相棒劇場版2感想「彼への手紙」〜ネタバレあり〜

相棒劇場版2感想「彼への手紙」〜ネタバレあり〜
小野田官房長


公開初日に、そして今日まで数度と劇場版を鑑賞致しました。

公開される前から、CMや雑誌等のメディアを拝見するだけで「警視庁占拠」という大きな事件以上の不穏さを感じでいました。
公開は楽しみだけれど……見てしまったら、その「不穏」を推測のものから、事実として確定し、受け止めなければならない。
それはとても辛いことだと察していたので、鑑賞するのが怖くもありました。

でも、作品そのものを好いているのですから、この現実から目を逸らすわけには参りません。
Season9は既に動きだし、映画の世界(2010年夏)を経た2010年秋の相棒世界は衆目のもとに広がっているのです。

今見ている特命係が、
右京さんが経験したこの夏の出来事を、見過ごすわけにはいかないですよ。


それに、きっと貴方だって思っているのではありませんか?
Season9でも、右京さんが己の正義の元に奔走し、権力と対峙するとき。
姿こそなくても、貴方の陰は常に右京さんの側にあることを。
それは、劇場版の結末を知ってこそ色濃く鮮やかに感じ取ることができます。

この結末をもって、より一層に貴方と右京さんの関係は強固になり、そして永久のものになった、と私は思ってなりません。

殺されるべき人の腕の中でその命を絶え、
同時にかつて自分の未来を奪った男が亡くなる瞬間を目前で見つめる。
人命ははかなく、誰にでも等しくそのはかなさは在って。
貴方という人でさえ、こんなにも容易くこの世を去ってしまうものなんだと、現実のせちがらさをドラマ世界で確認してしまいました。

でも……あのような結末の中でも、
官房長、貴方は幸せだったのではないでしょうか?
最後に右京さんの温もりに触れ、最後に自分の事をみつめ、自分を呼んでくれたのだから。

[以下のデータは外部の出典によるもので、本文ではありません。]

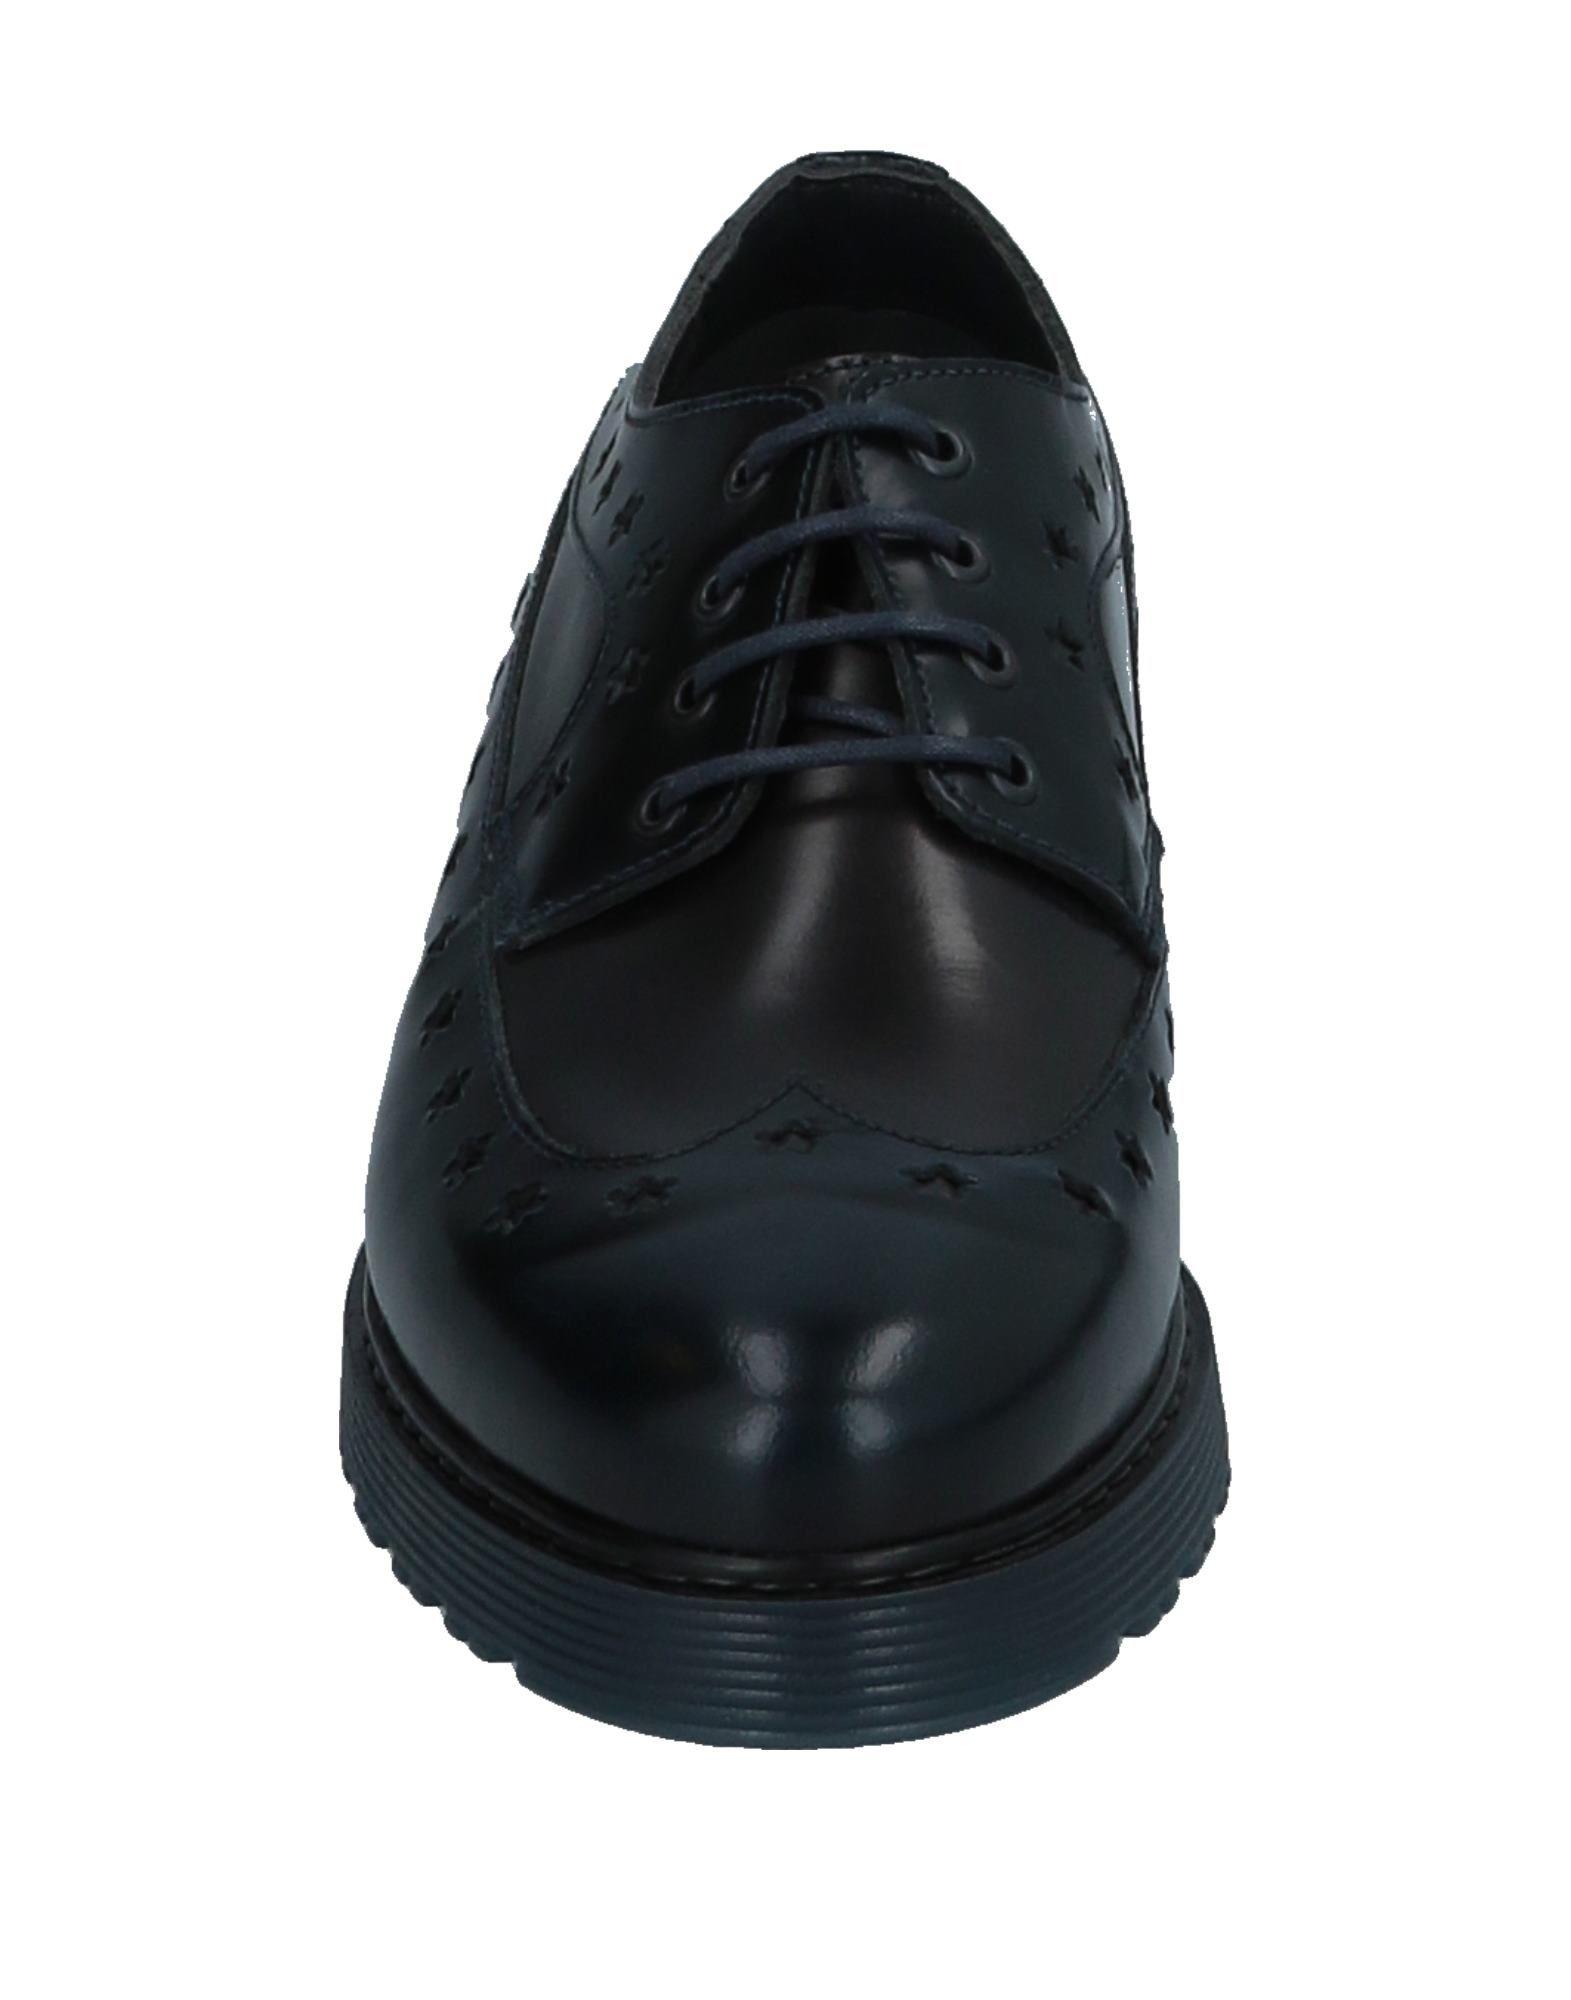 Tommy Hilfiger Schnürschuhe Damen  Schuhe 11522573BX Gute Qualität beliebte Schuhe  cf3fa0

そして、これからずっと彼の中に貴方の存在は在りつづけると思うから。
あの終焉を、最期を看取った人のことを、簡単に忘れることができるわけないじゃないですか。

この解釈は間違っているかもしれないけれど、右京さんに看取られて亡くなっていく顛末は……貴方にとって幸せだった……。
そう思いたいのです。
いや、せめてそう思わせて下さい。
でなければ……貴方を失った喪失感が辛くて苦しいのです。
胸の奥がずっしりと重くて、そのまま座り込んで倒れ込んでしまいそうな程に。

そこに、ささやかでも「幸せ」を注ぐことができれば、私は前を向くことができそうです。

右京さんは、歩き出しています。真っすぐ前を向いて。

私も貴方を忘れることなく、前へ歩きだそうと思います。

本当に……今更ながらに、貴方の事が大好きでした。
でも、これからもずっと……。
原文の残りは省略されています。